Being a military veteran in business school

November 11, 2013

(AP Photo/Patrick Semansky)

Every year on Veteran’s Day my thoughts turn to Donovan Campbell, a former student at the center of one of the most unexpectedly emotional moments I’ve experienced in my 25 years as a professor at Harvard Business School. His story highlights for me the debt of gratitude we owe those who serve our country. It has also served as a personal reminder of the important role business schools should play in enabling members of the military to transition successfully back to civilian life.

The incident took place in 2006 in a first-year MBA course on leadership and organizational behavior. We had asked students to watch the 1949 film “Twelve O’Clock High,” starring Gregory Peck, about a World War II Air Force squadron making daylight bombing runs against heavily fortified German factories. Peck’s character is charged with turning around this unit whose morale is plummeting in the face of repeated high-risk missions and horrible casualties. At one point in the film, he and his medical officer debate how to demand “maximum effort” from soldiers who could die at any moment.

One of the standard questions I ask when teaching the class is: “Does anybody really know what it means to ask a team for maximum effort?”

As soon as I asked the question, Campbell’s hand shot up. I didn’t yet know him very well, but I knew he’d attended Princeton and was gifted intellectually. I also knew he'd been commissioned in the Marine Corps post-9/11 and had come to Harvard Business School after a tour in Iraq. I’d learned to use his experience judiciously.

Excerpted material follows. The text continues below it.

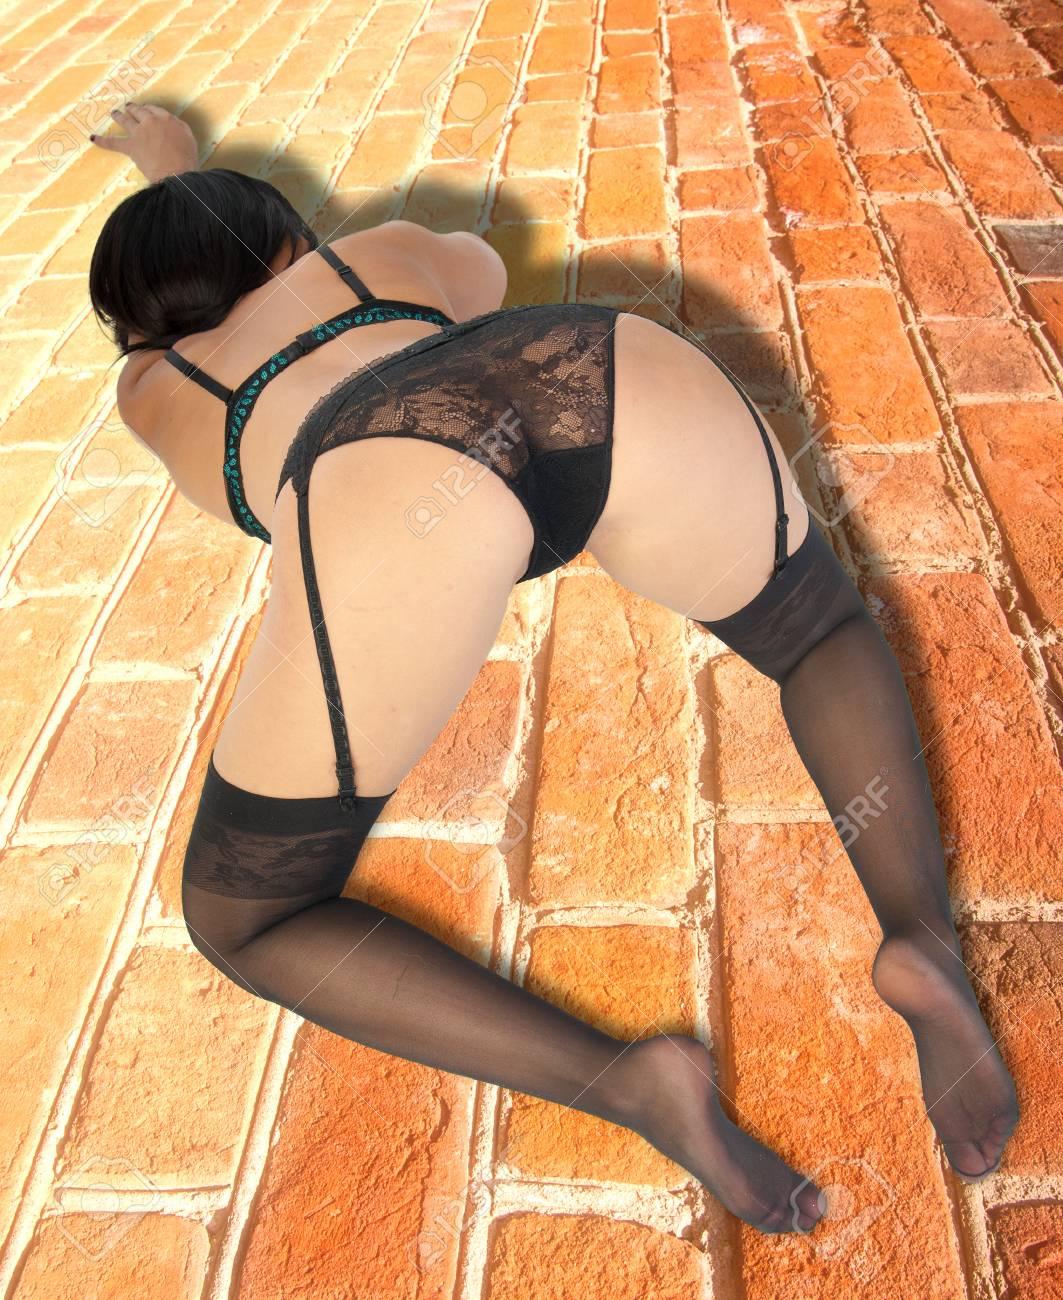 Best free sex pics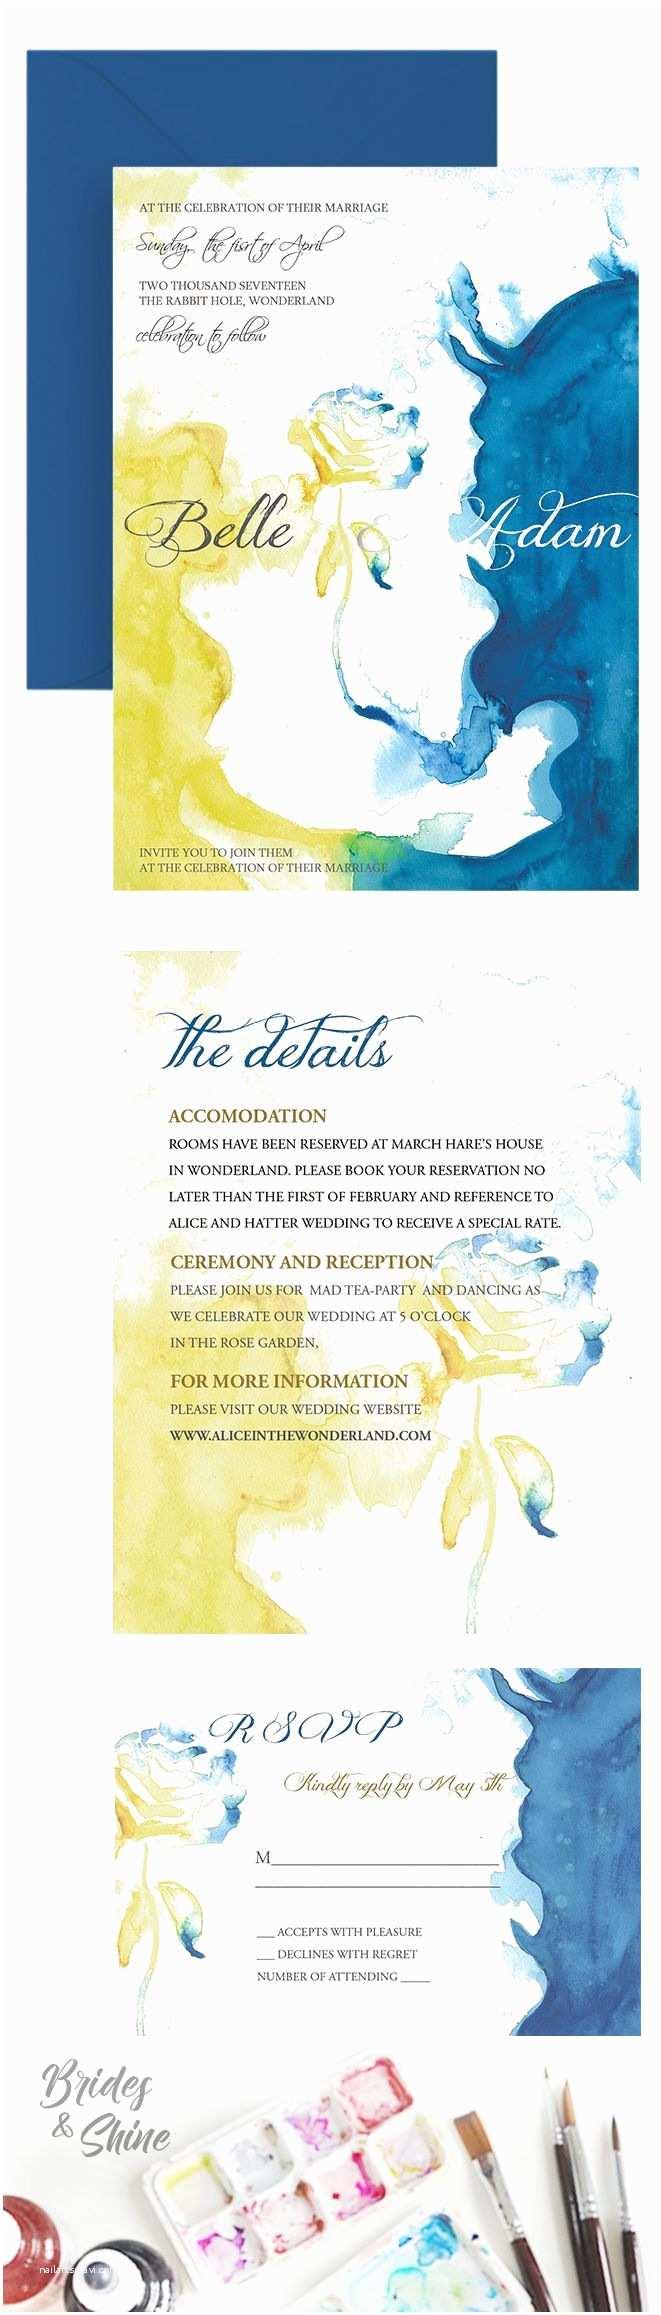 Disney themed Wedding Invitations 25 Best Ideas About Disney Wedding Invitations On

Whenever the class was flagging, I called on Campbell, as typically his thoughtful comments would reinvigorate the discussion.

When I called on him this morning, however, something unusual happened. He started to speak about his experience with war, but after a moment stopped and began to shake. Then he began to cry. This wasn’t a trickle of tears; it was uncontrollable sobbing. After about a minute, he ran out of the classroom. One of his closest friends, a former Army Ranger, ran after him.

Campbell returned the next day embarrassed, but everyone rallied to support him. As a class, we thanked him—not only for his service to our country, but for the emotion he showed us a day earlier. It was a vivid illustration that vulnerability is not incompatible with leadership. Too often, students think leaders must be strong for others or "the rock" of their organizations. We've instead come to realize that expressing and understanding the full range of human feeling is a critical component of leadership development, and that your own leadership approach should align with your most deeply held values.

In the coming months, I got to know Campbell much better. I learned that he’d been a lieutenant in charge of one of the first platoons of Marines in Ramadi. They had arrived during the period when it appeared the United States had won the war. But in fact, his unit became one of the first to experience the insurgency’s growing strength and sophistication, as evidenced by the use of children as decoys, IEDs and remote detonators. Campbell’s unit suffered extraordinary casualties. In short, he’d experienced a real-life version of “Twelve O’Clock High.”

Campbell ultimately did a great job in his classes. He also used his time in business school to process what he’d experienced in battle and spent much of his second year writing a memoir about his time in Iraq—a book called “Joker One” (the radio call sign of his 40-man infantry platoon), which examines issues of leadership, faith and courage. It was published in 2009 and became a New York Times bestseller.

In my time at the school, I have met many other veterans like Campbell who have served and sacrificed in inspiring ways. Roughly 50 new MBAs every year come from the military, many having been in active combat duty. Still, it is a group that all of us who lead this country’s business schools need to think about even more.

Business school can be a pathway for integrating our service members back into civilian life, and for finding new ways to engage their intellect, integrity and leadership at home. While a few return to the military after graduation, most take jobs in the private sector—and in those jobs, many of them become advocates for hiring other veterans, doing their own small part to solve the challenge of post-military employment. In their civilian lives, these veterans continue to provide leadership in service of society. Donovan, for instance, accepted a job as a manager for Pepsico after graduation, then became COO at a smaller printing company, and is now director of operations for an energy company.

“When I encourage young, talented veterans to consider applying to Harvard, they have trouble conceptualizing an Ivy League institution that isn’t reflexively anti-military,” Donovan once said. While Harvard Business School’s relationship with the military goes back many decades—during World War II, our campus was converted to a training school for managers and officers heading the U.S. war effort—breaking down the divides, both real and perceived, is still something our business schools have to work on.

As I look back, I feel privileged to have witnessed the way a single moment in the classroom could have such a profound impact on both a veteran’s readjustment and his classmates’ greater understanding of what leadership really is. It’s also a reminder to me that enduring ties between our business institutions and the military are crucial if we want, ultimately, to develop leaders who make the world a better place.

Nitin Nohria is dean of the Harvard Business School.